Q: I'm fortunate that my husband is a stay-at-home dad. I can't even begin to contemplate how single parents or families where both parents work are coping in this coronavirus situation. He's doing his best, but he is getting so angry at our three kids — which I completely get — but it isn't helping the situation. In a perfect world, the boys would be calm and focus on their schoolwork, but they're getting cabin fever, and they have a lot of energy they need to let out. They miss their friends and teachers, and although they get it on some level, I know they don't completely understand why this is happening. Any suggestions for how I can support my husband and keep him from losing his mind?

A: Thank you for writing in; there are many people who are in the same boat as you are. Three busy children and a spouse who is at the end of their rope with the new routine sounds like my house.

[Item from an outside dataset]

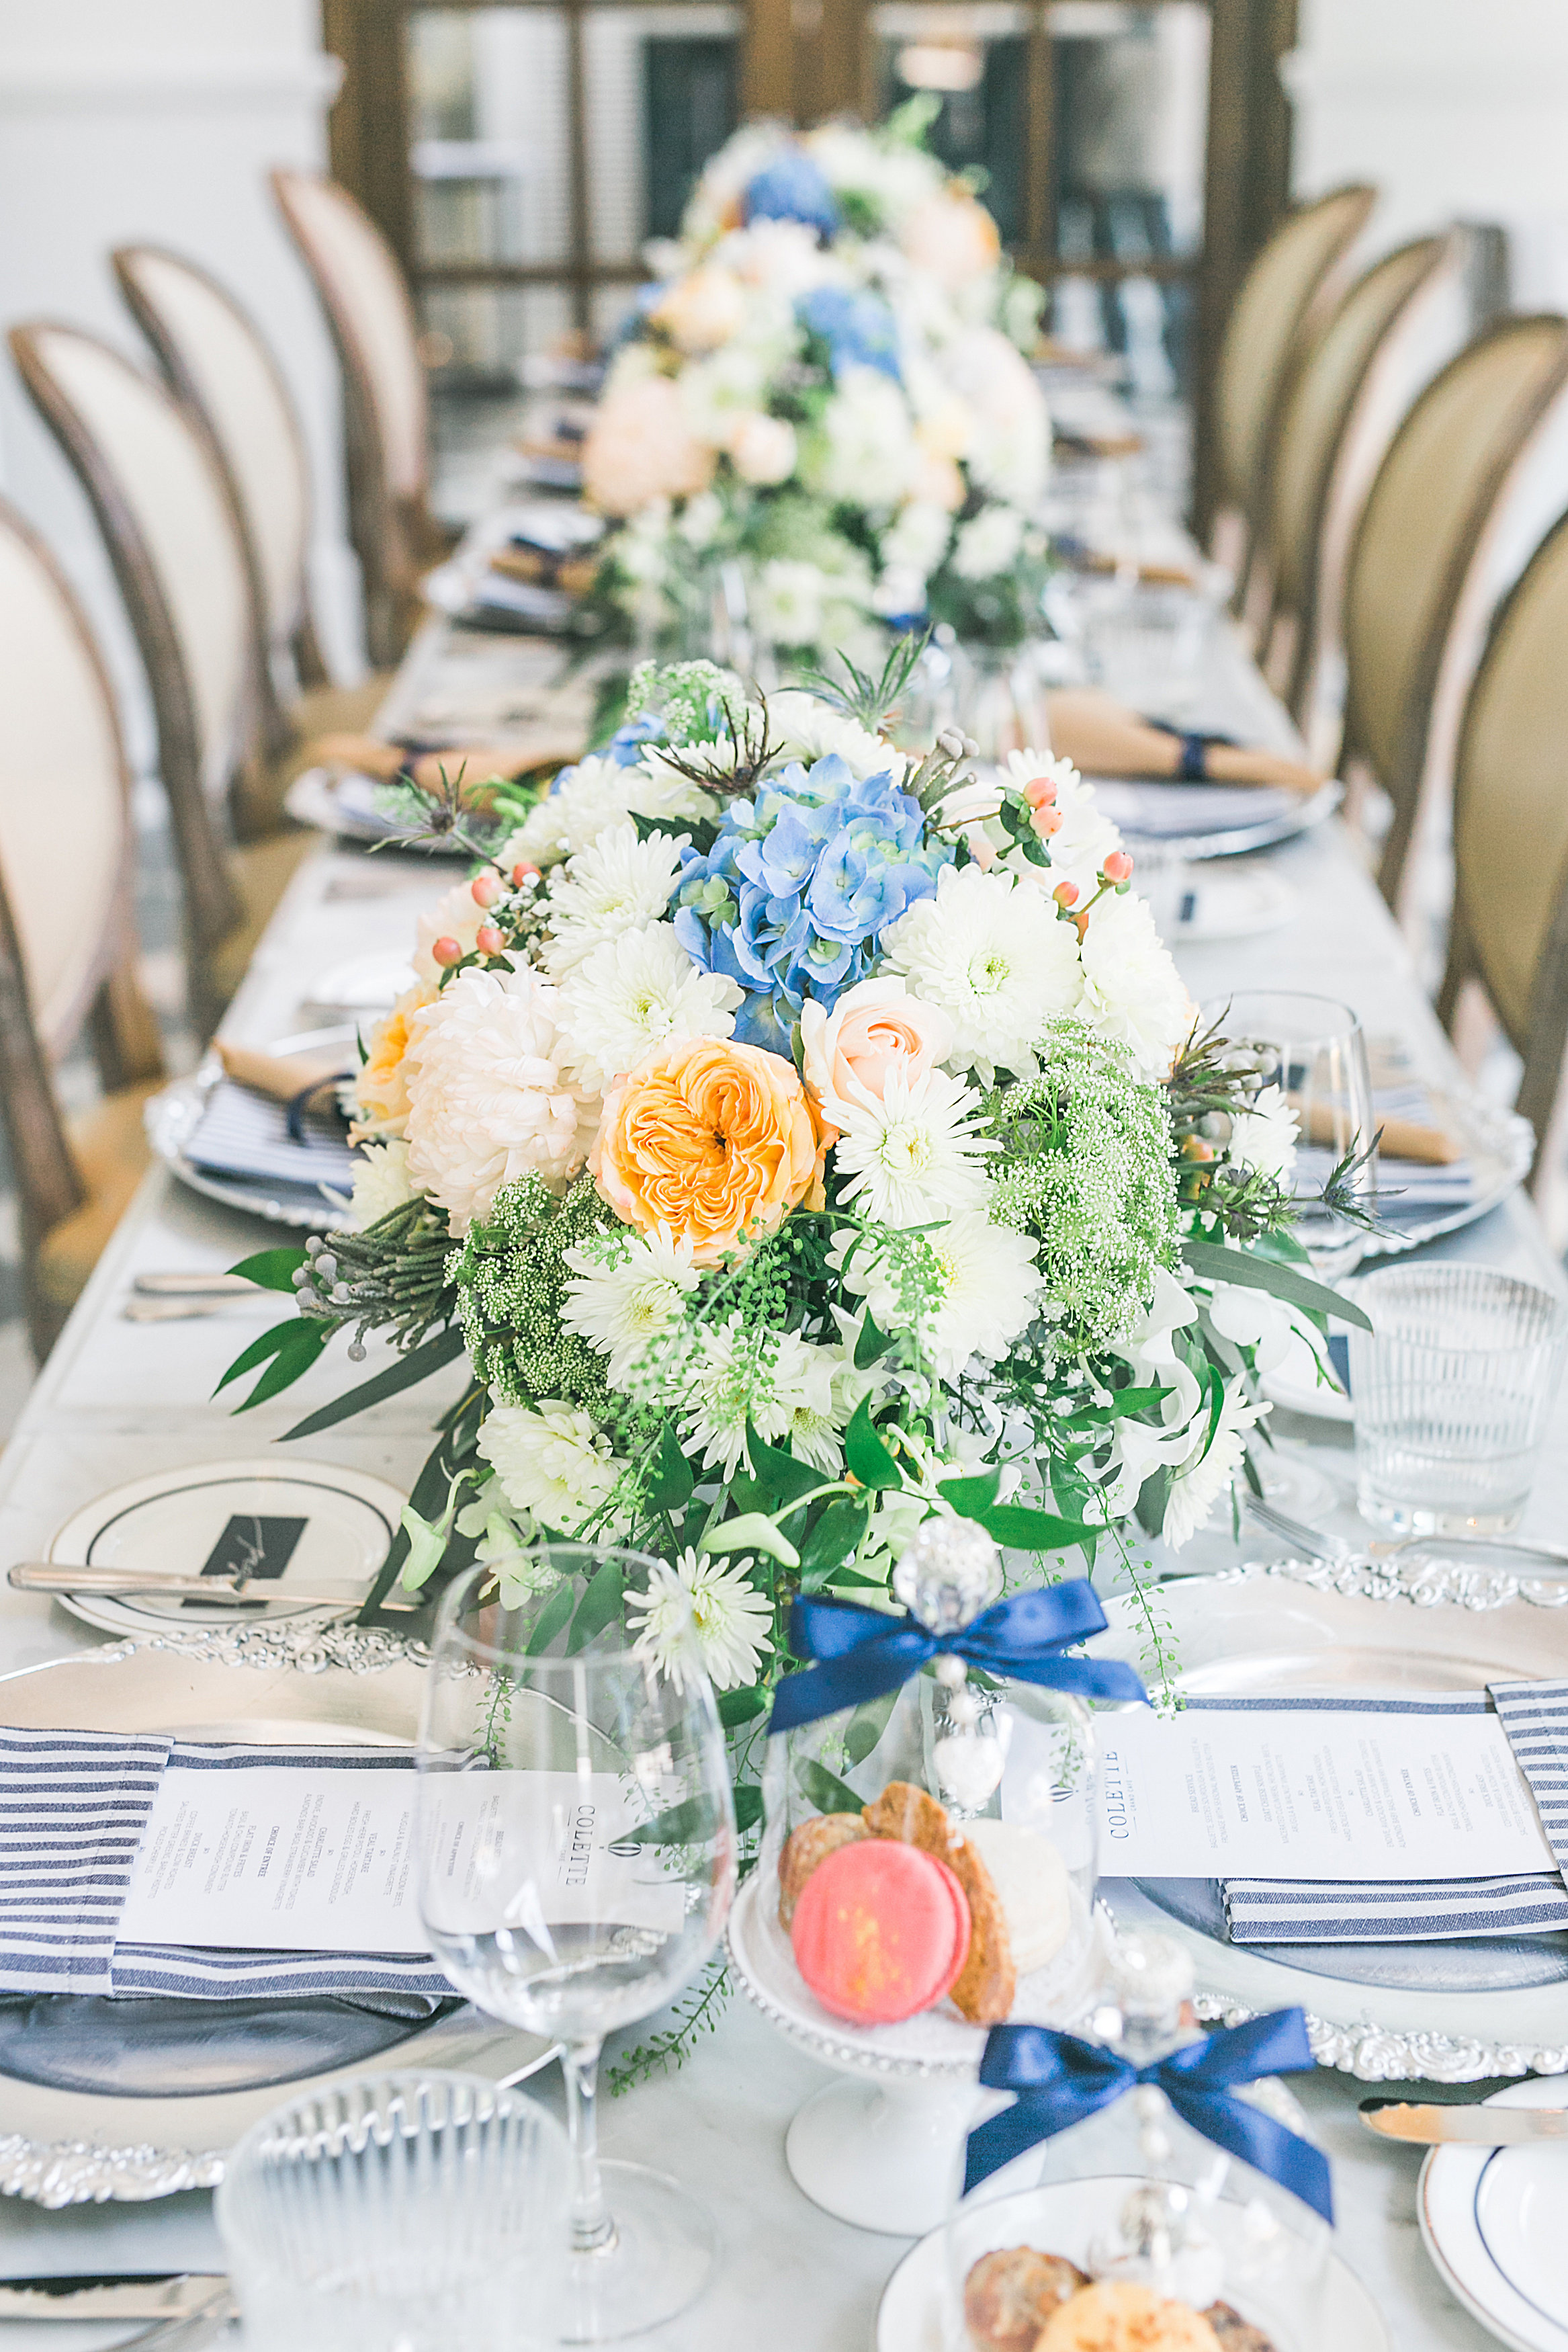 Phoebe Lo Events Toronto Wedding - Colette Cafe The Chase Hospitality Group Parisian Bridal Shower 002.jpg

I don’t know how old your children are, which is an important data point, and I don’t know your work hours, but let’s zoom out to find some solutions for this problem.

Let’s review a couple of things you are never going to control. First, you will not control the coronavirus. The only thing you can do is what you are doing: Stay home and away from others. Second, you will not control your children’s cabin fever or how they miss their friends and teachers, and you won’t get them to “be calm and focus on their schoolwork.” Even without this pandemic, this is a tall order for most children, and given that you and your spouse aren’t teachers, this is an even taller order. Lastly, you are not going to control your husband’s reaction and anger to this rapid and unwelcome change to his schedule. Clearly identifying what you cannot control as a parent and a spouse can bring into focus who you are in charge of here: yourself. That’s it. Although it’s panic-inducing for some, I find great relief in knowing that I cannot control others, especially my children. I can instead use my time, energy and resources to find what else may work.

To begin, your husband’s anger is actually, right below the surface, frustration. Frustration is the emotion humans have when we cannot change what isn’t working for us, and boy, we are all frustrated right now. Although humans are endlessly adaptable, this comes with a good deal of friction. The noise, busyness and lack of cooperation from three boys, as well as the disruption of a routine, is a huge change for your spouse, and he needs support.

The simplest and hardest way to support a frustrated human is to listen. Don’t ask him how he is so that you can offer advice, don’t point out what he is doing wrong, and don’t lecture him on how everyone is in the same boat (and how others’ boats are far worse). Just compassionately listen to how frustrating parenting is right now. My hope is, after some time, your spouse will just feel sad. Plain old sad, because that is how most of us feel right now. Sad to be distanced from people we like and love, and sad to lose the way of life we thought we had.

After some listening, you can ask your spouse if he would like some support. You can offer having a family meeting and setting up a different routine, you can offer doing the bedtime or taking the boys outside during lunch so he can have a break to exercise or watch a show, or you can offer some different forms of play with the boys. (I really like what Tinkergarten is doing — tinkergarten.com.) You can offer working with the boys on some academic things. (Common Sense Media released a free site called Wide Open School, wideopenschool.org, full of games, apps and lessons.) Only make offers of help that feel doable and authentic for you, otherwise you will resent your children and your spouse.

If your spouse is too overwhelmed or exhausted to work with you, decide what you can do on your own. In a perfect world, every adult would take full responsibility for their frustrations and how they react to them, but that is not the world we live in. So, find your husband’s pain points and step in when you can. Maybe he isn’t handling the evening well, so you decide to do it. Maybe he is frustrated by distance learning, so you offer to sit with the kids a couple of days a week. Whatever it is, just decide and try it.

Finally, make a practice of finding what works within the family. At any shared meal, notice when the boys are kind to each other, notice when your husband’s tone is even and patient, and notice when the dog sits when he is told. Really, notice any good thing in a quiet and easy way. With three rowdy boys and a frustrated husband, any good vibes are needed, and my hope is that your equanimity will bring some relaxation to the family. And when your frustrations reach a boiling point and you yell or blame or explode, say you’re sorry and move on. It is good to show that getting through this is not about perfection or constant positivity; it is about rupture and repair, rupture and repair. Good luck.